Información sobre pedidos
| Nombre del producto | Número de catálogo | UNIDAD | Precio | CANTIDAD | Favoritos | |
Plásmido Doble Nickase (h) RUNX3 | sc-401377-NIC | 20 µg | $410.00 | |||
Plásmido Doble Nickase (h2) RUNX3 | sc-401377-NIC-2 | 20 µg | $410.00 |
RUNX3 (factor de transcripción relacionado con Runt 3) es un factor de transcripción de la familia RUNX que se une al ADN y forma un heterodímero con CBFB para regular la especificación de linajes, la diferenciación y el control del ciclo celular. En los tejidos humanos integra señales de la vía TGF-β/SMAD y se entrecruza con los programas transcripcionales de Wnt/β-catenina y los relacionados con la inmunidad para modular la homeostasis epitelial y las respuestas inflamatorias. La alteración de la expresión o la función de RUNX3 se ha asociado con una apoptosis y una diferenciación desreguladas, y se ha descrito en estudios sobre neoplasias gastrointestinales, cáncer de mama y trastornos inmunitarios. Como regulador dependiente del contexto de redes transcripcionales, RUNX3 se utiliza ampliamente para investigar mecanismos de supresión tumoral, la comunicación epitelio–inmunitaria y la regulación génica del desarrollo.

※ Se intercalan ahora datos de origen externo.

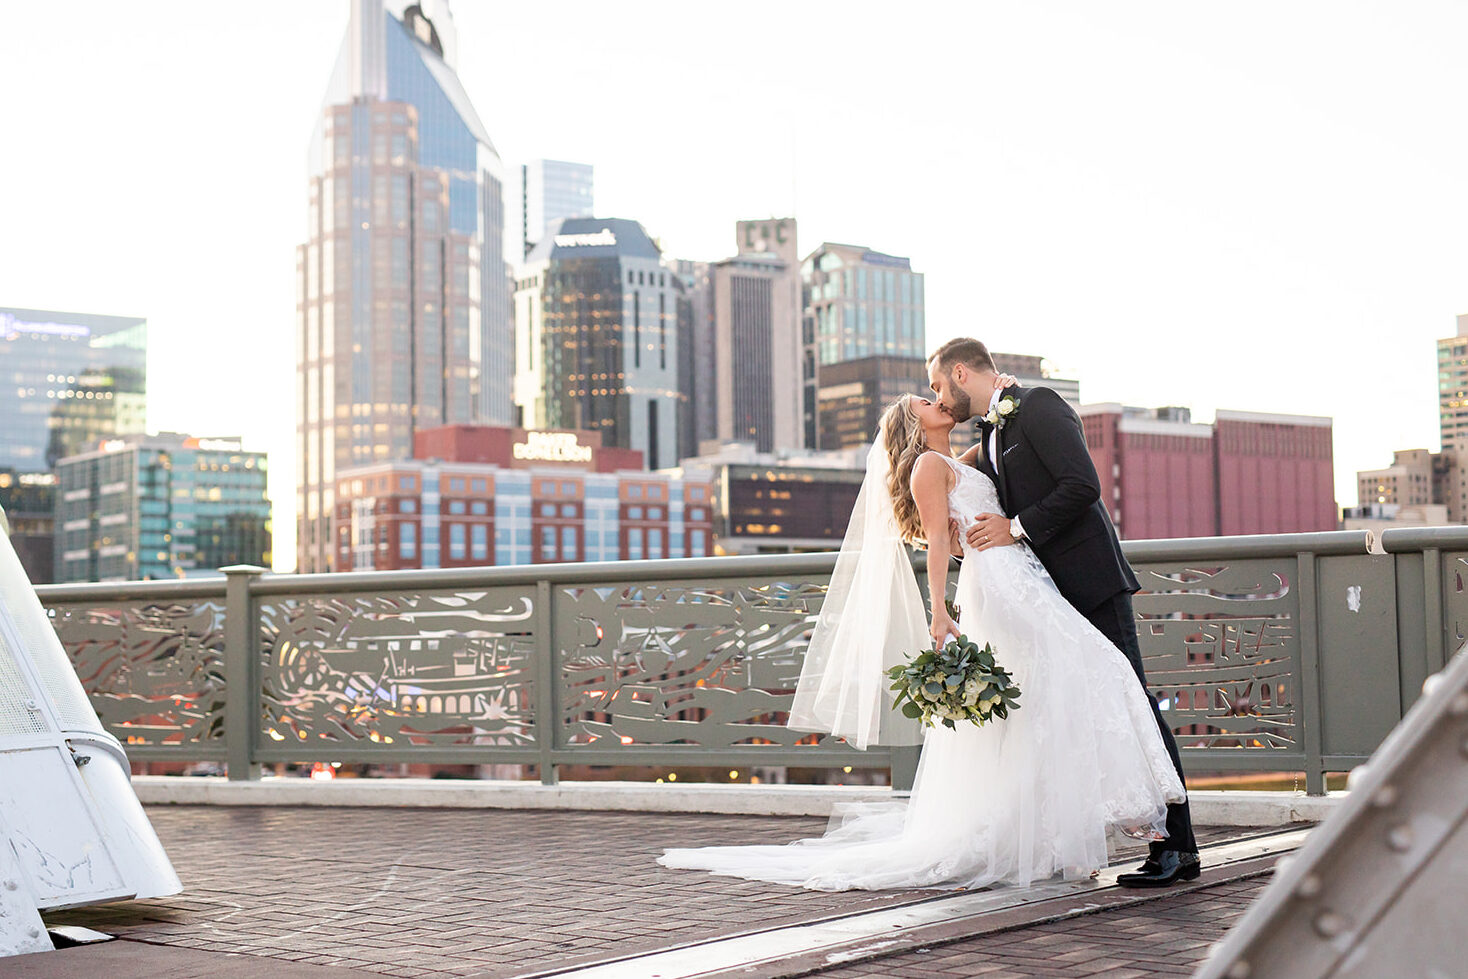 A romantic kiss shared between newlyweds on the pedestrian bridge in Nashville following their wedding ceremony at the Bridge Building. 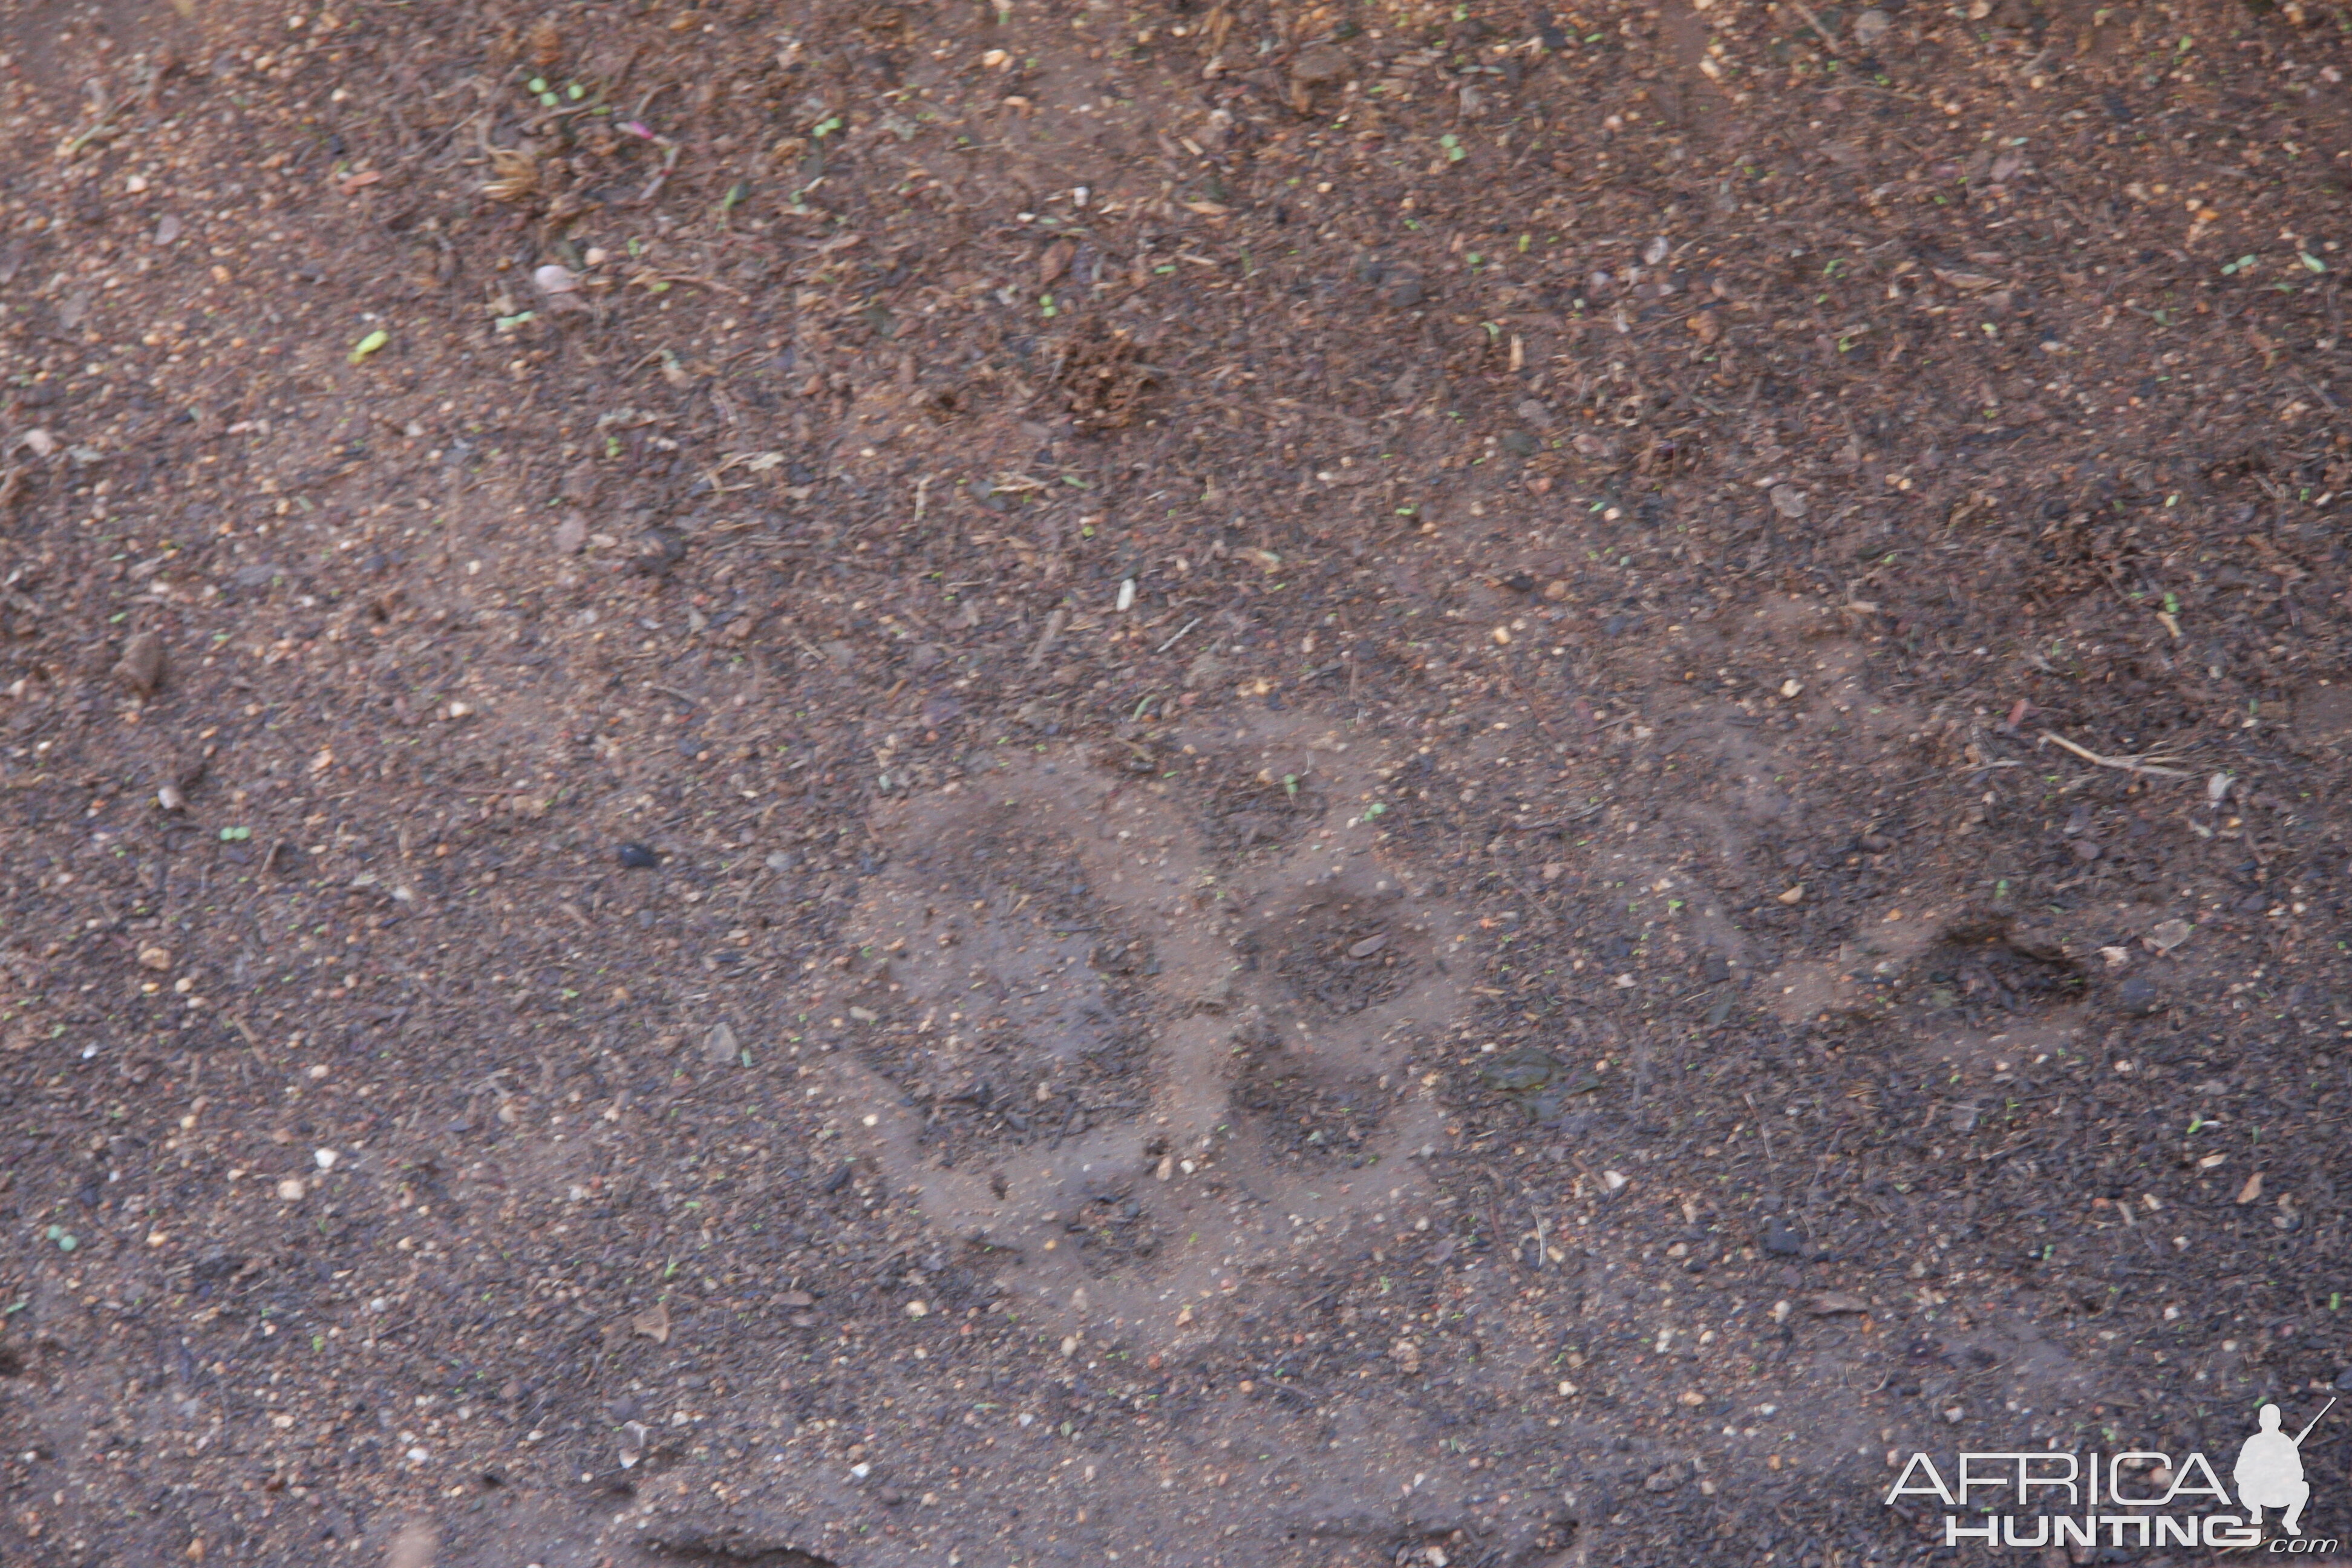 Leopard tracks after the rain Namibia

RUNX3 El plásmido de doble nicasa (h) consiste en un par de plásmidos emparejados diseñados para la edición de alta especificidad del locus RUNX3 en líneas celulares human. Cada plásmido expresa una nicasa Cas9 D10A y un ARN guía específico (sgRNA) dirigido a cadenas de ADN opuestas dentro de RUNX3. Cuando se dirigen a sitios adyacentes en cadenas de ADN opuestas, las dos nicasas generan cortes en cadena simple desplazados que, juntos, producen una rotura de doble cadena escalonada, lo que requiere una actividad coordinada sobre el objetivo por parte de ambas guías. La rotura de ADN resultante se resuelve mediante vías de reparación celular endógenas, más comúnmente a través de la unión de extremos no homólogos (NHEJ), lo que da lugar a inserciones o deleciones que alteran la función de RUNX3. Al requerir la participación de dos ARN guía en el locus diana, el enfoque de doble corte mejora la especificidad de la edición y proporciona una estrategia CRISPR complementaria para aplicaciones en las que se desea un control adicional sobre la precisión de la orientación.
Para facilitar la identificación eficiente de las células editadas, un plásmido codifica GFP para la visualización fluorescente de las poblaciones transfectadas, mientras que el plásmido complementario lleva un gen de resistencia a la puromicina para la selección con antibióticos. En conjunto, estas características facilitan el enriquecimiento eficiente de las poblaciones cotransfectadas y simplifican la validación de los clones con RUNX3 alterado.
Sólo para uso en investigación. No destinado a uso diagnóstico o terapéutico.